- Try it -
Look below for the line containing "Handbags Including Charles Jourdan". Write out that line and the rest through the last one, exactly as they appear, but without pictures.

- Data excerpt -
####################
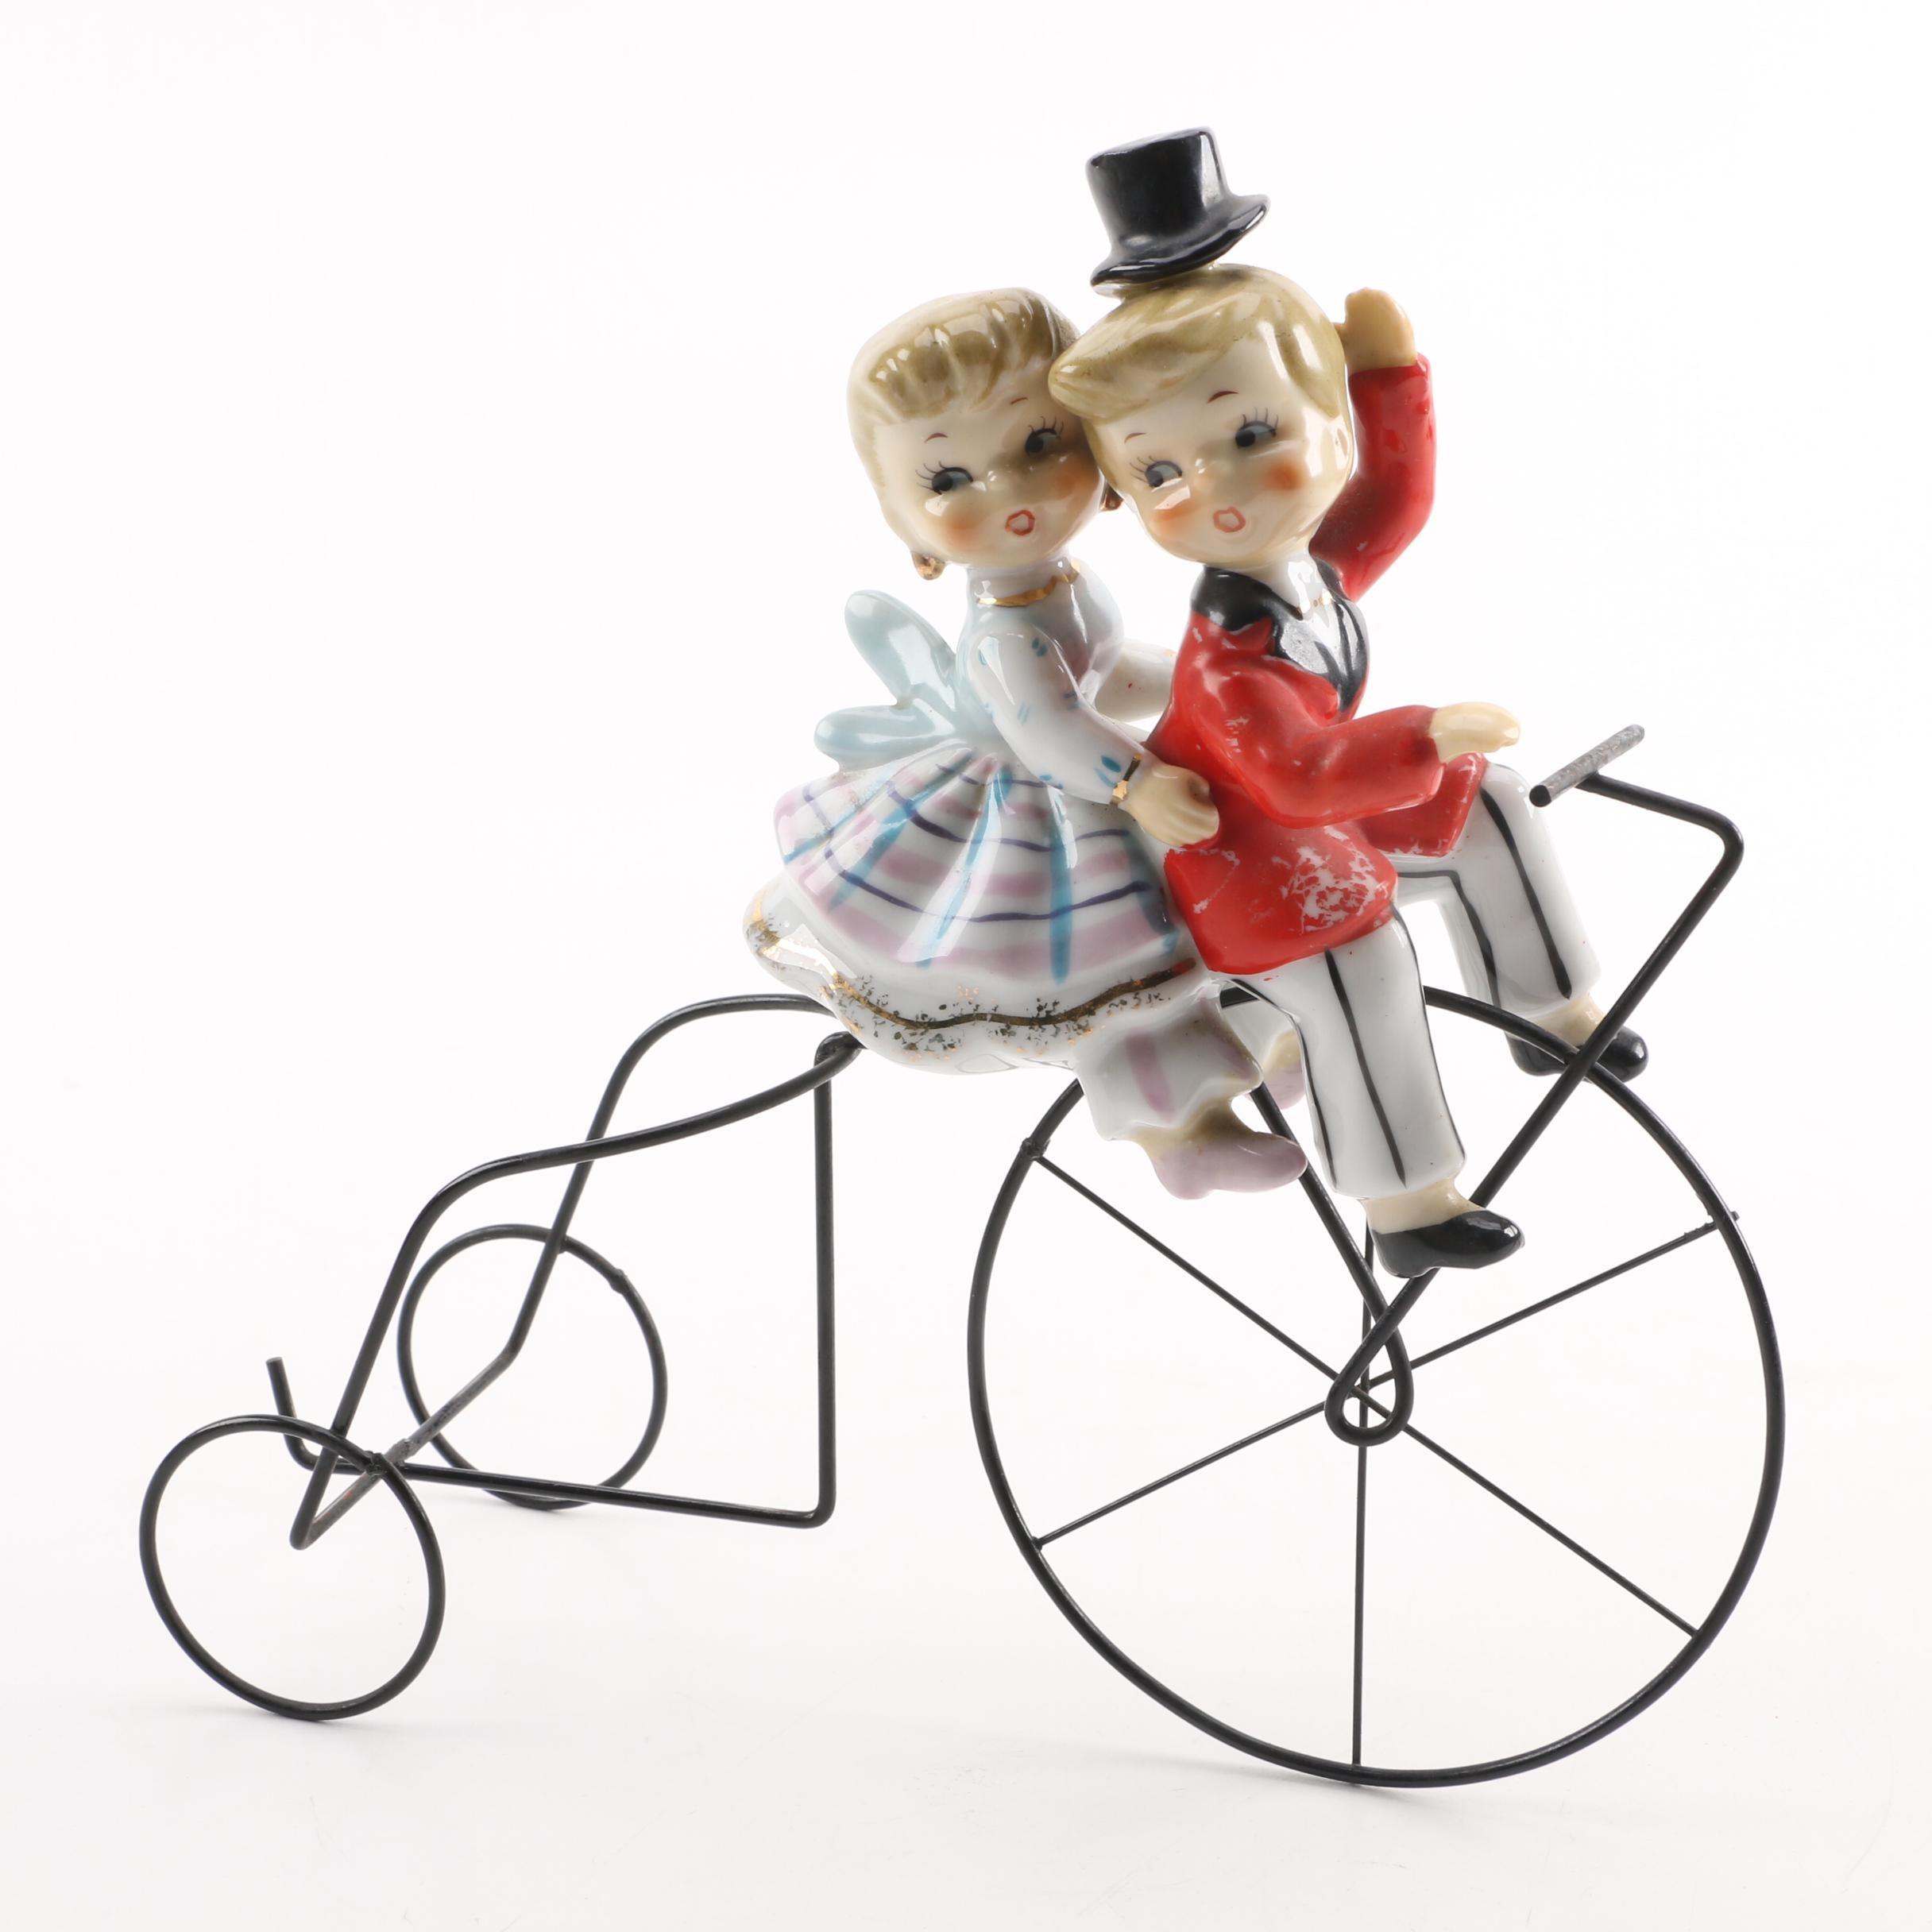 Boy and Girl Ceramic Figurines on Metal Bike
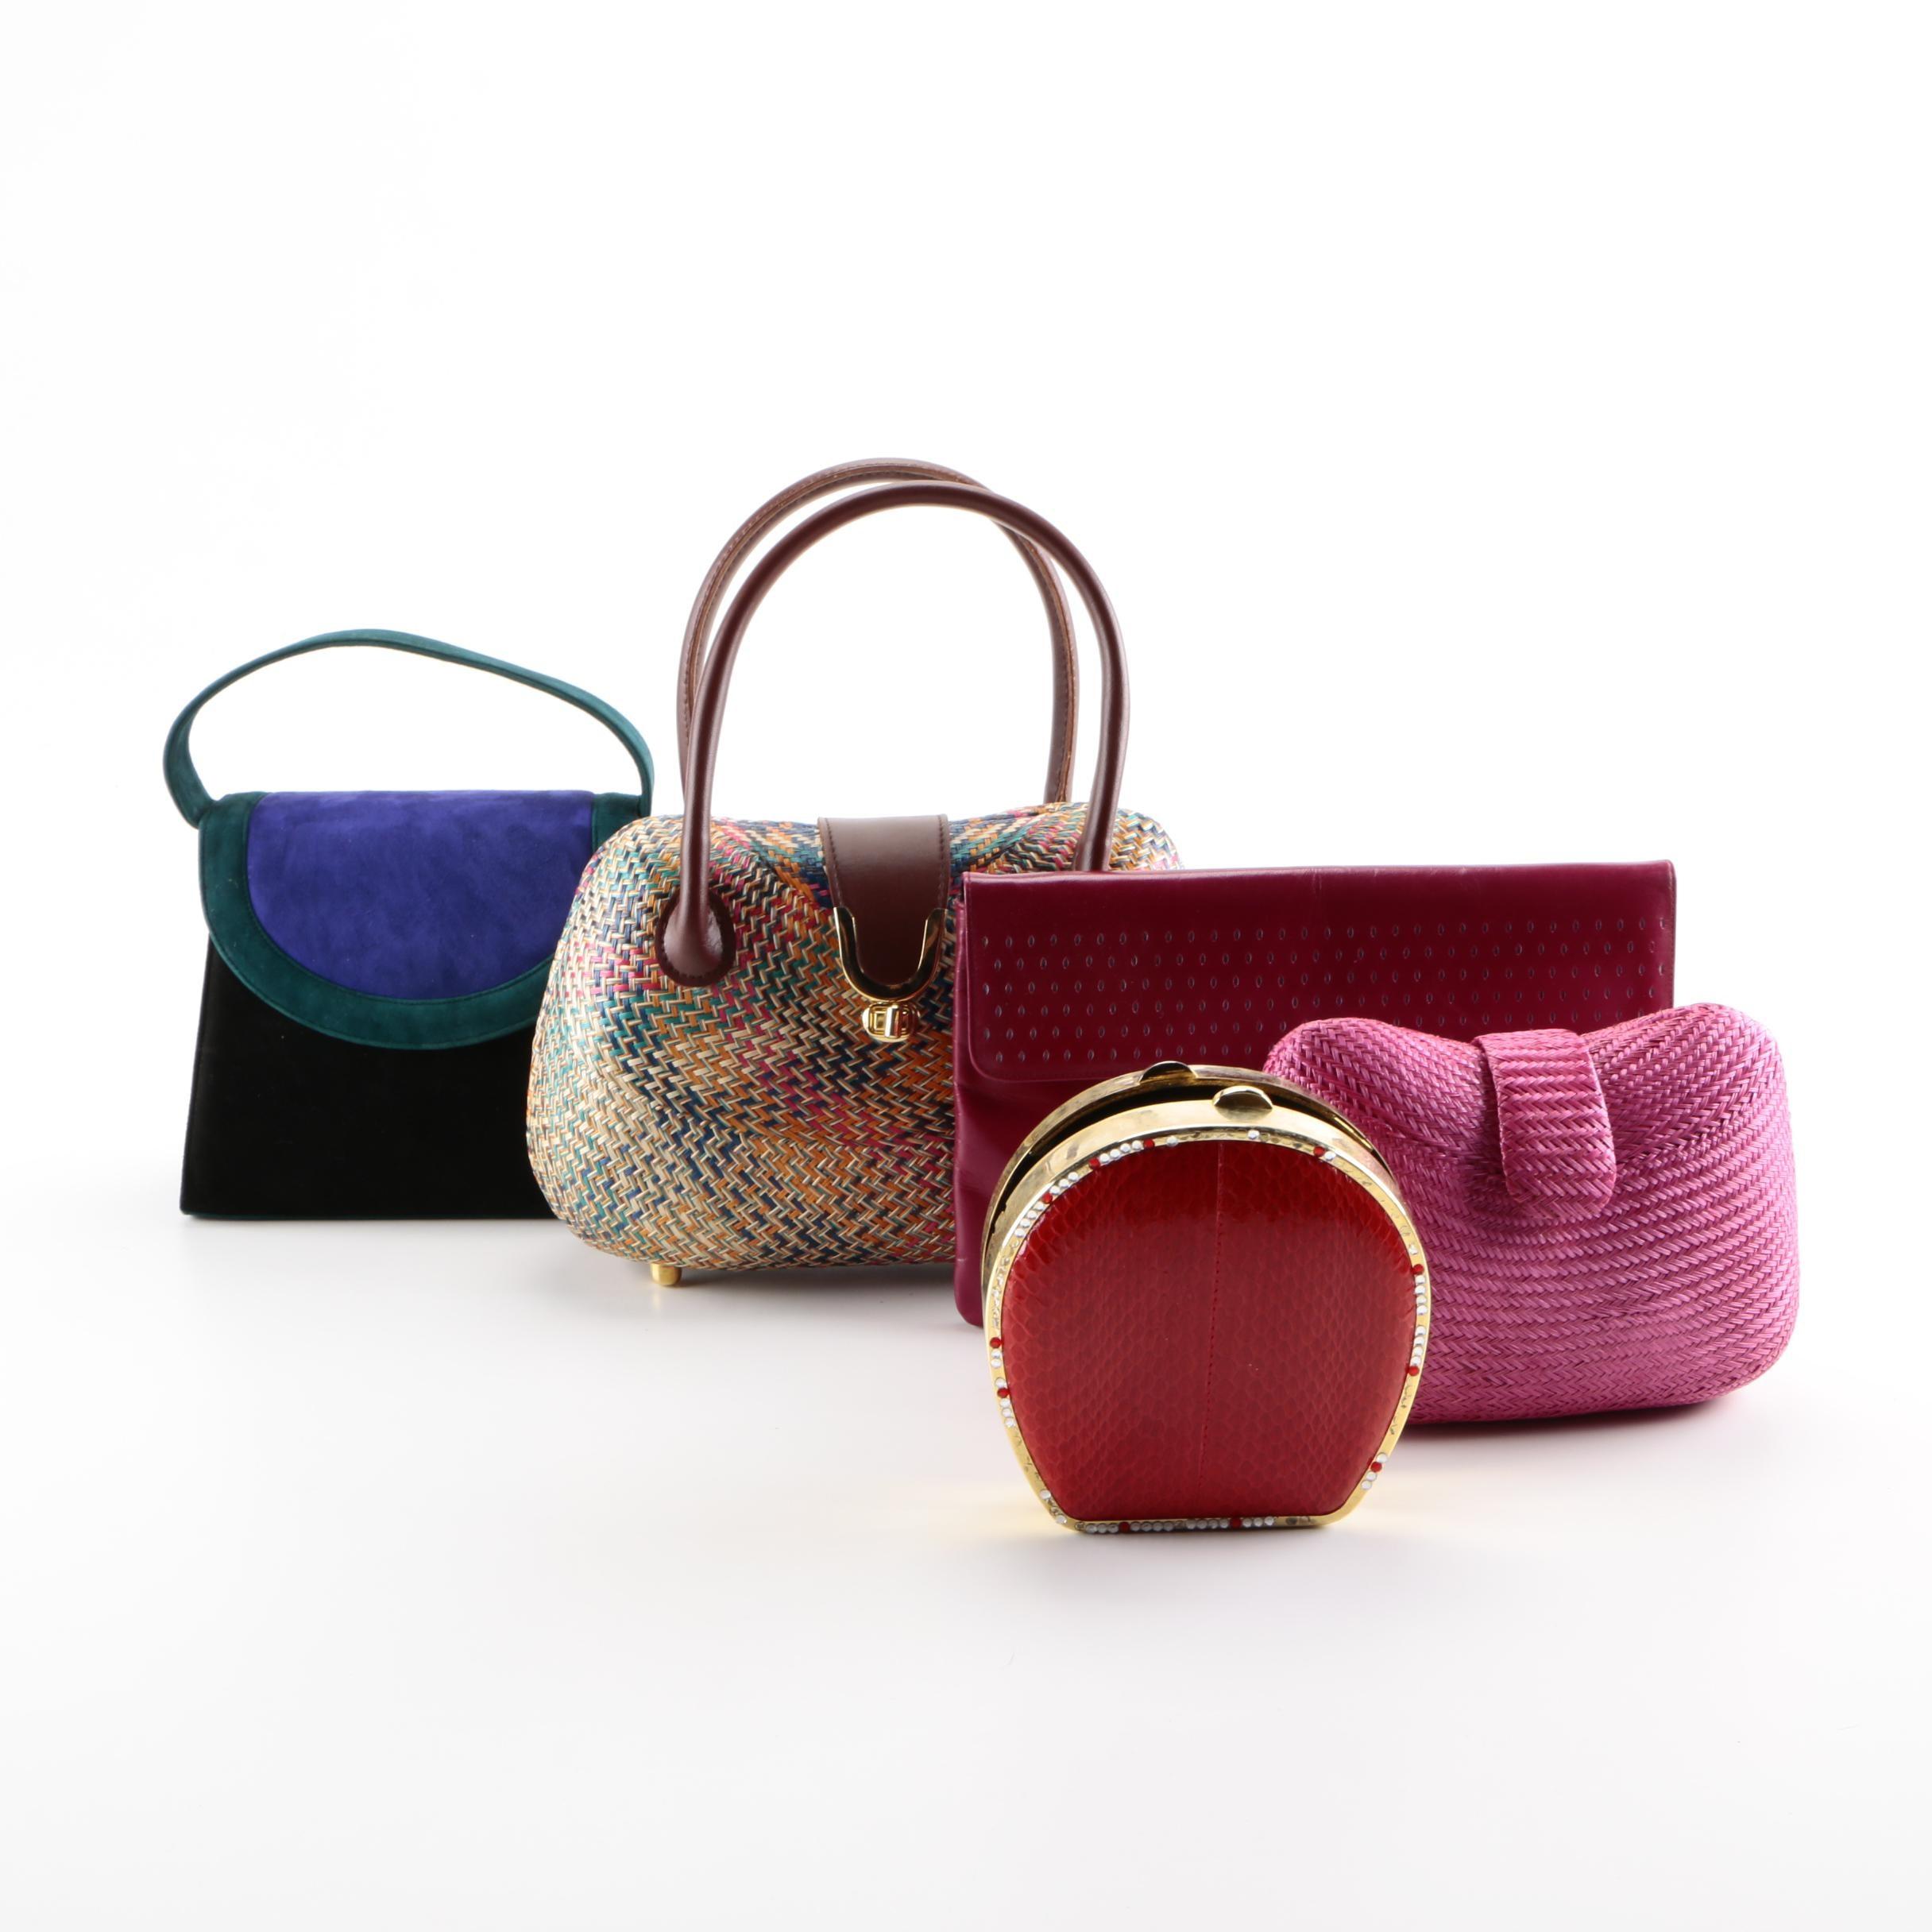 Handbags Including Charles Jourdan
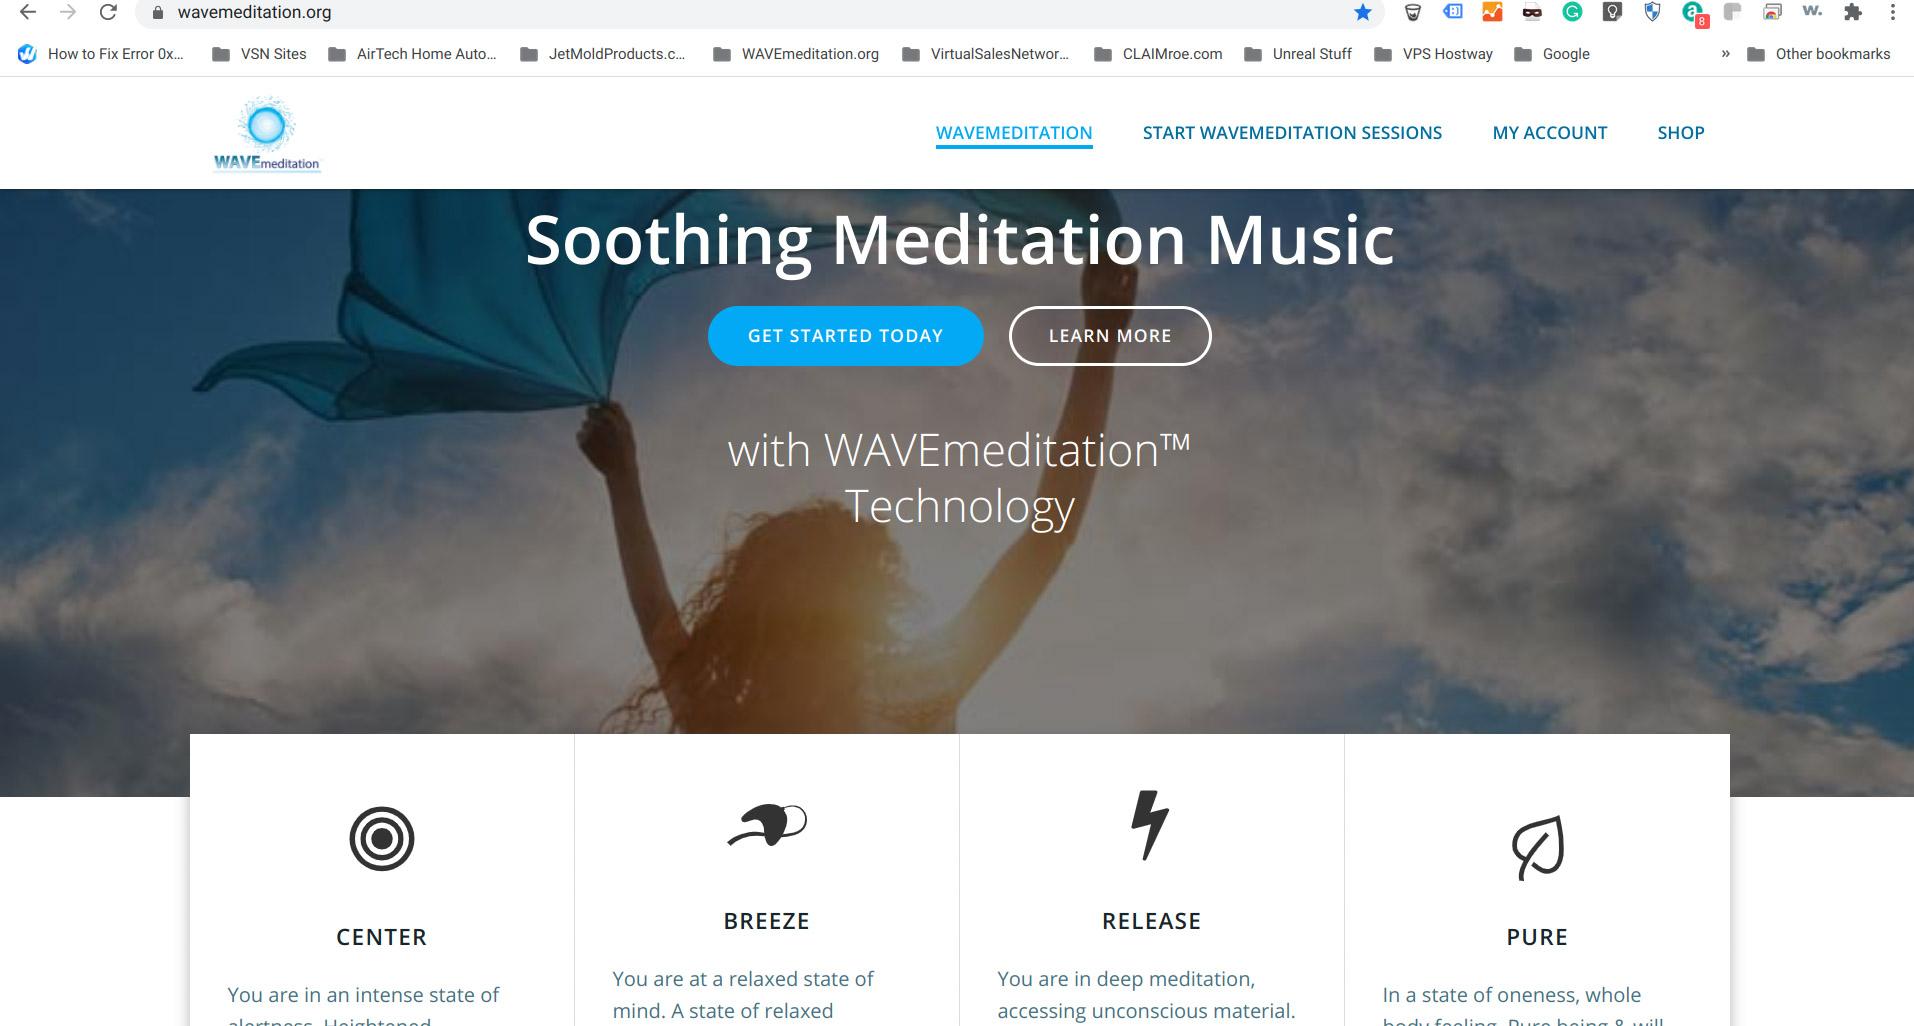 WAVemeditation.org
####################
- Result of this task -
 Handbags Including Charles Jourdan
 WAVemeditation.org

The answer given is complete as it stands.